5. Consensus base calling and filtering
^^^^^^^^^^^^^^^^^^^^^^^^^^^^^^^^^^^^^^^^
Step5 estimates consensus allele sequences from clustered reads given the estimated
parameters from step 4 and a binomial model. During this step we filter for maximum
number of undetermined sites (Ns) per locus (max_Ns_consens). The number of alleles
at each locus is recorded, but a filter for max_alleles is not applied until step7. 
Read depth information is also stored at this step for the VCF output in step7. 

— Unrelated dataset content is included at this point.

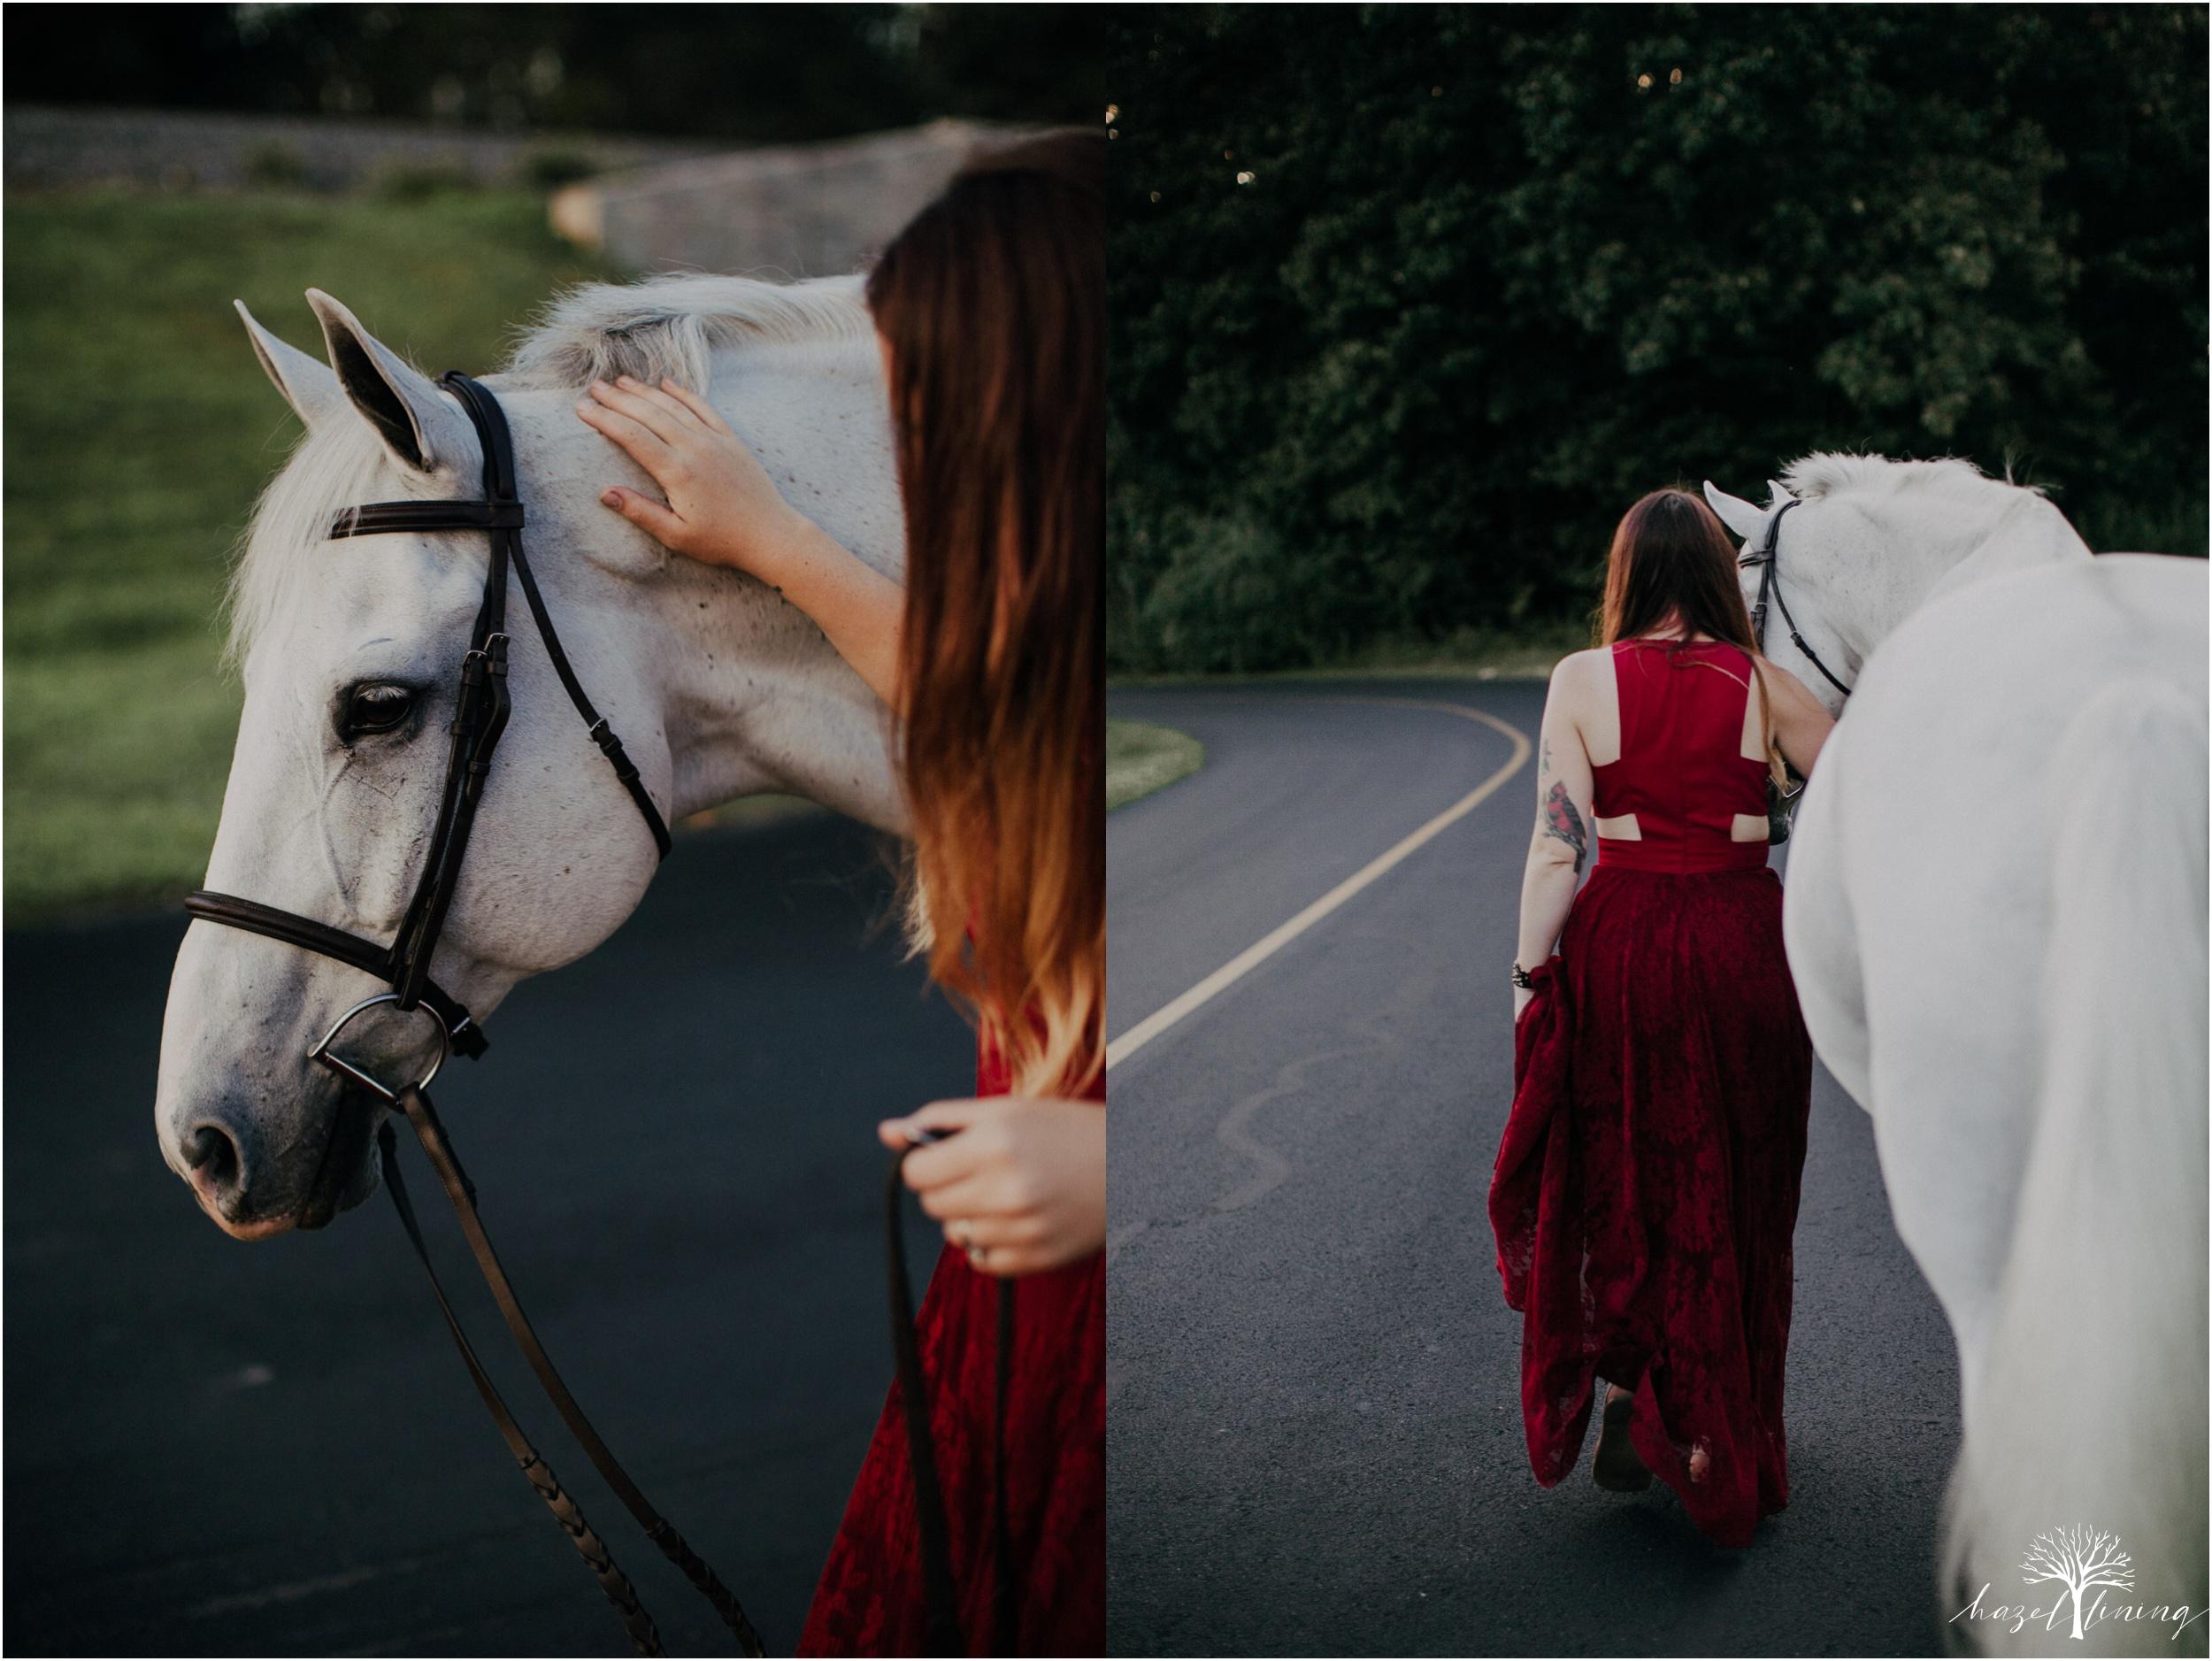 taylor-adams-and-horse-delaware-valley-university-delval-summer-equestrian-portrait-session-hazel-lining-photography-destination-elopement-wedding-engagement-photography_0056.jpg

The following :ref:`parameters<parameters>` are *potentially*
used or required (\*) for step5:  

* :ref:`*assembly_name<assembly_name>`  
* :ref:`*project_dir<project_dir>`  
* :ref:`*datatype<datatype>`  
* :ref:`*max_Ns_consens<max_Ns_consens>`  


6. Clustering / Mapping reads among Samples and alignment
^^^^^^^^^^^^^^^^^^^^^^^^^^^^^^^^^^^^^^^^^^^^^^^^^^^^^^^^^
Step6 clusters consensus sequences across Samples using the same assembly method 
as in step 3. One allele is randomly sampled before clustering so that ambiguous
characters have a lesser effect on clustering, but the resulting data retain
information for heterozygotes. The clustered sequences are then aligned using 
muscle_.

The following :ref:`parameters<parameters>` are *potentially*
used or required (\*) for step6: 

* :ref:`*assembly_name<assembly_name>`  
* :ref:`*project_dir<project_dir>`  
* :ref:`*datatype<datatype>`  


7. Filtering and formatting output files
^^^^^^^^^^^^^^^^^^^^^^^^^^^^^^^^^^^^^^^^^
Step7 applies filters to the final alignments and saves the final data in a 
number of possible :ref:`output formats<full_output_formats>`. This step is most 
often repeated at several different settings for the parameter 
:ref:`min_samples_locus` to create different assemblies with different 
proportions of missing data (see :ref:`branching_workflow`). 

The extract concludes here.